HFD increases UCP1 protein levels without changes in BAT mitochondrial content. Whole interscapular BAT lysates were subjected to Western Blot analysis. (A) UCP1 protein levels using β-actin as a loading control. (B) Relative mRNA expression of BAT markers Ucp1, Zic1, Prdm16, PGc1α, Bmp8b, Cidea, Dio2, Fgf21, Hif1α and Leptin in NCD and HFD-fed mice. (C) TIM44 protein levels using β-actin as a loading control. Shown representative immunoblots out of at least 4 independent experiments. (D) Mitochondrial dynamics were determined by the relative mRNA expression of Mfn1, Mfn2 and Opa1 of BAT in NCD and HFD-fed mice. Results are represented as mean ± SEM. n = 8–10; *p < 0.05.

Figure 6

Enhanced mitochondrial respiration activity in BAT from obese mice. (A) Bioenergetic profile of interscapular BAT explants in NCD (black dots) and HFD-fed (red squares) mice.
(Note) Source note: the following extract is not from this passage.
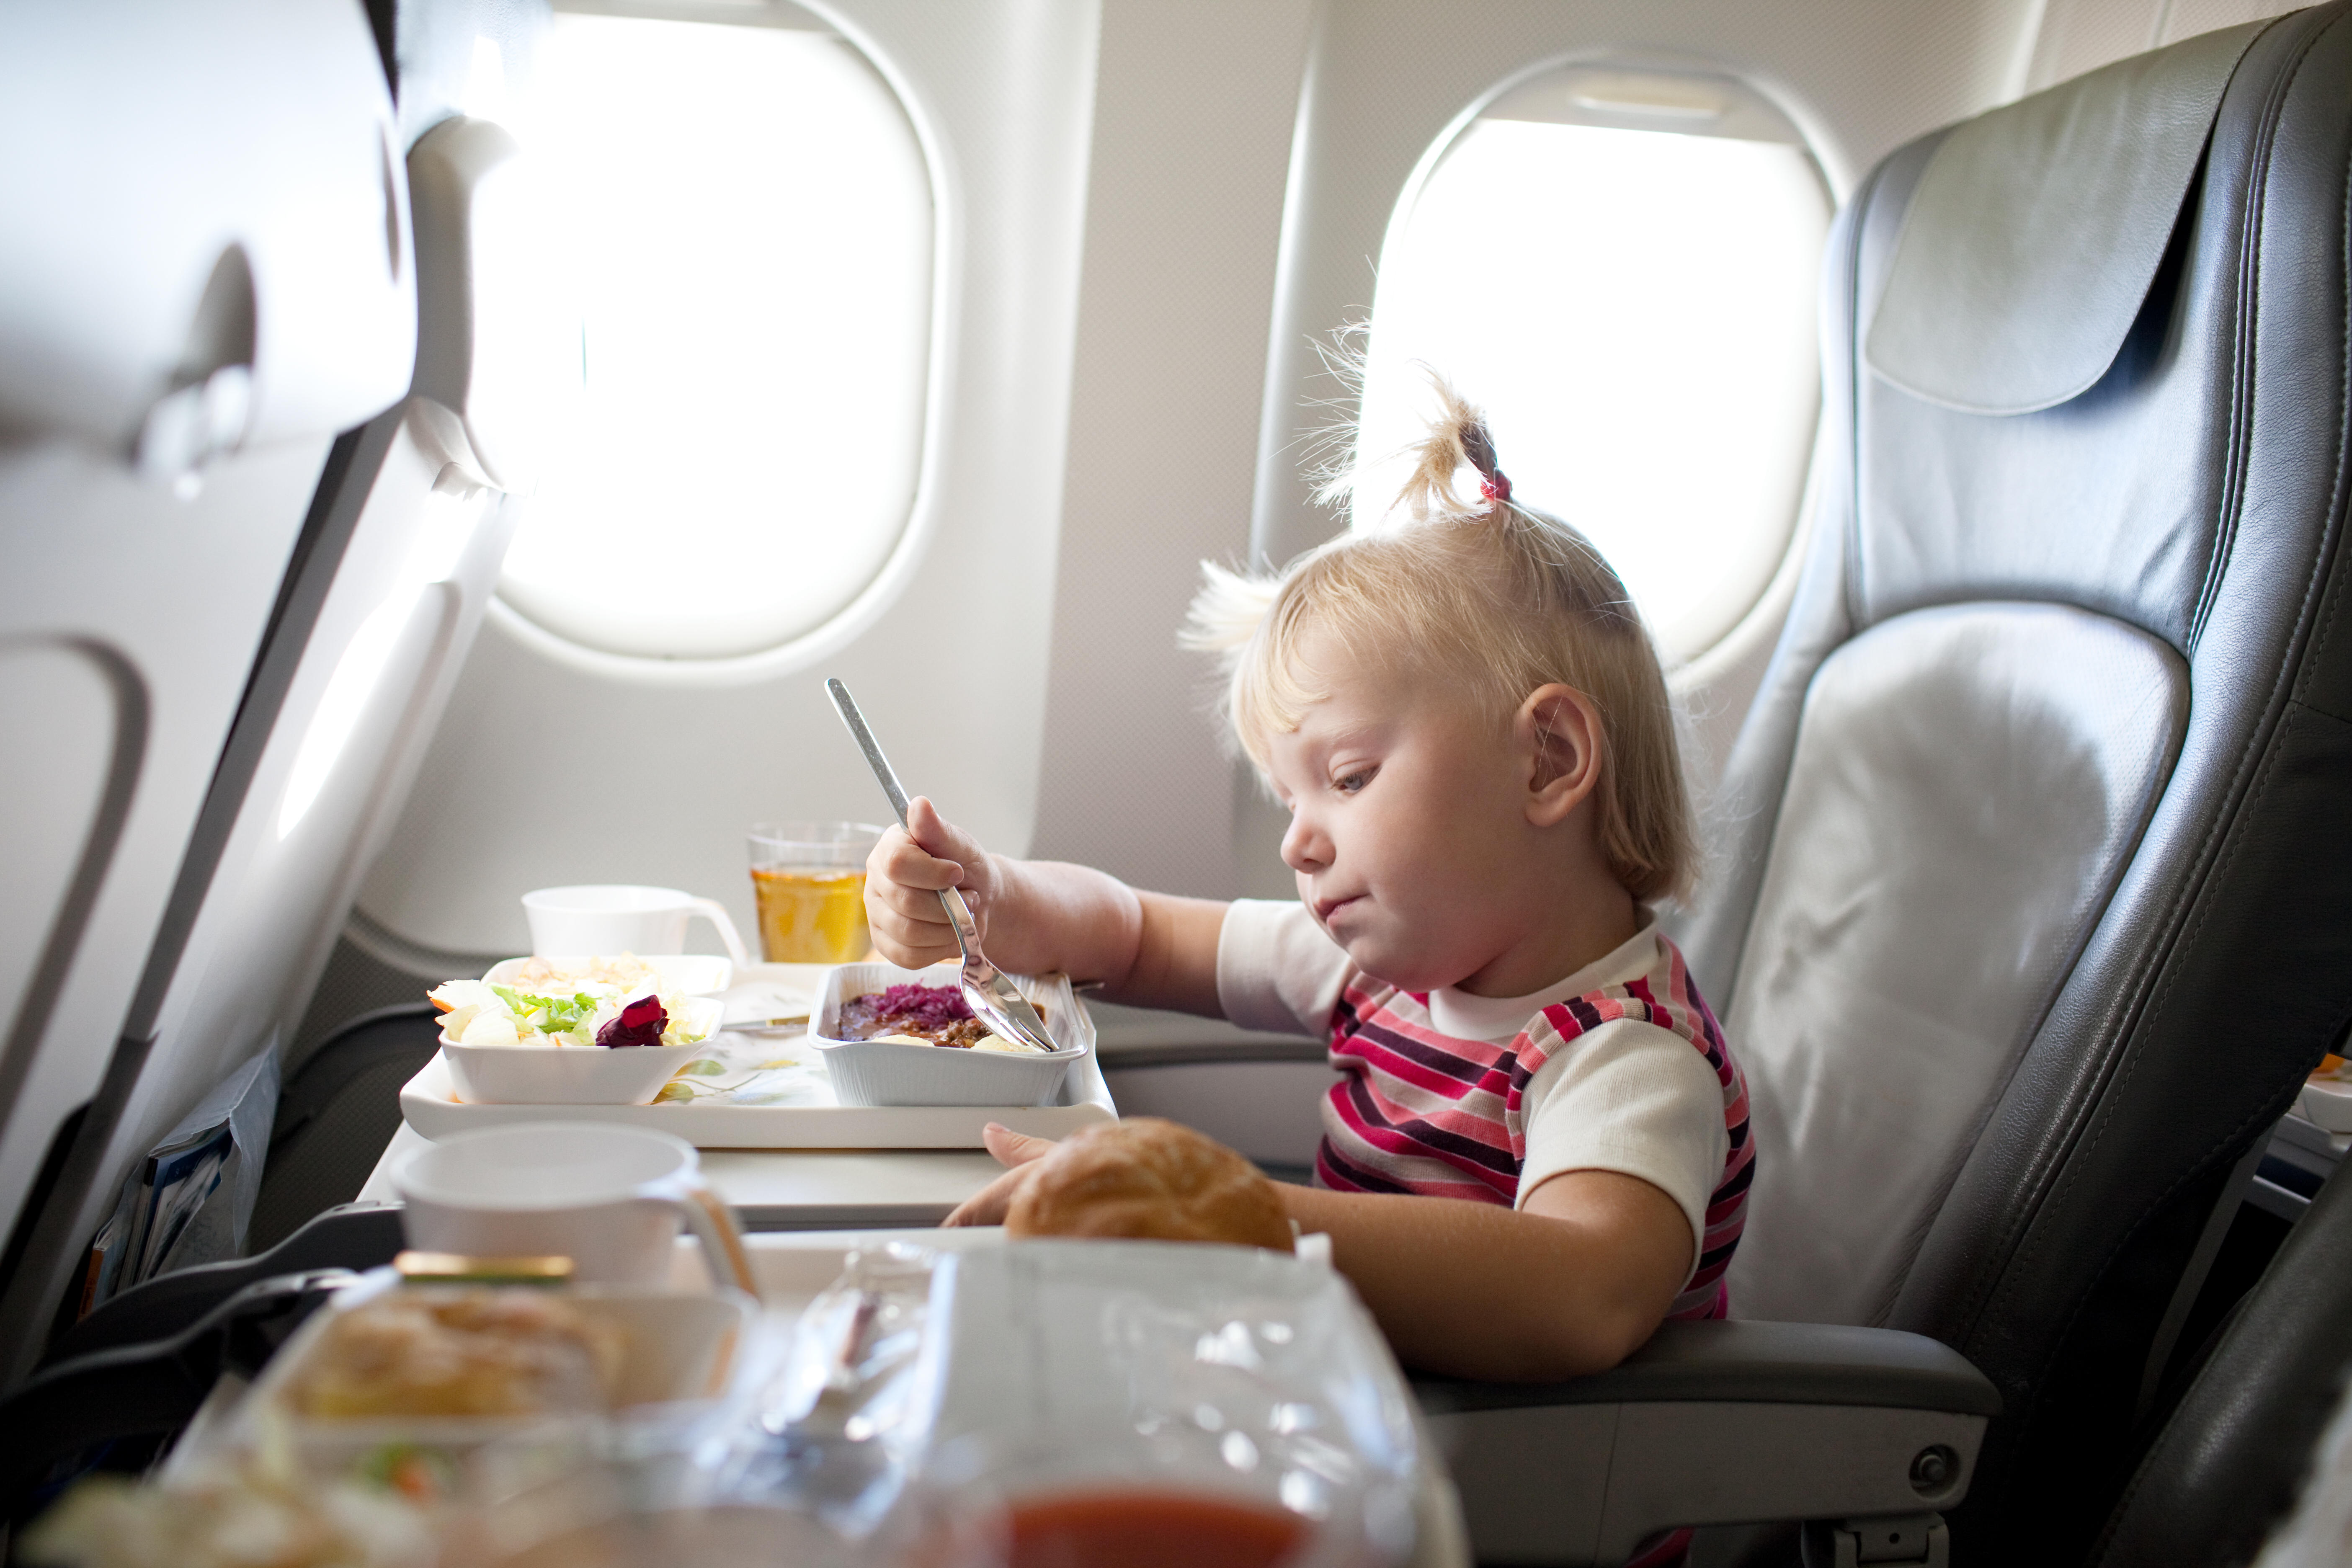 Kind in een vliegtuigzitje

Nine milligrams of BAT/mice were analysed using the XF24 islet capture microplate. Basal oxygen consumption is recorded. After oligomycin was added in A, ATP-linked respiration and H⁺ leak were calculated. Maximal respiration and reserve capacity were measured after FCCP addition, and finally ETC inhibitors were added in C to determine non-respiratory oxygen consumption. Concentration of inhibitors and incubation times are described in the materials and methods section. Results are normalized by protein content. (B) Quantification of basal respiration in NCD and HFD mice. (C) Relative mRNA expression of the mitochondrial ETC complexes I, III, IV and ATP synthase. (D) Whole BAT lysates were subjected to Western blot. Complexes I, II and III protein levels were analysed by immunoblot, using α-tubulin as a loading control. Results are represented as mean ± SEM. n = 8–10; *p < 0.05.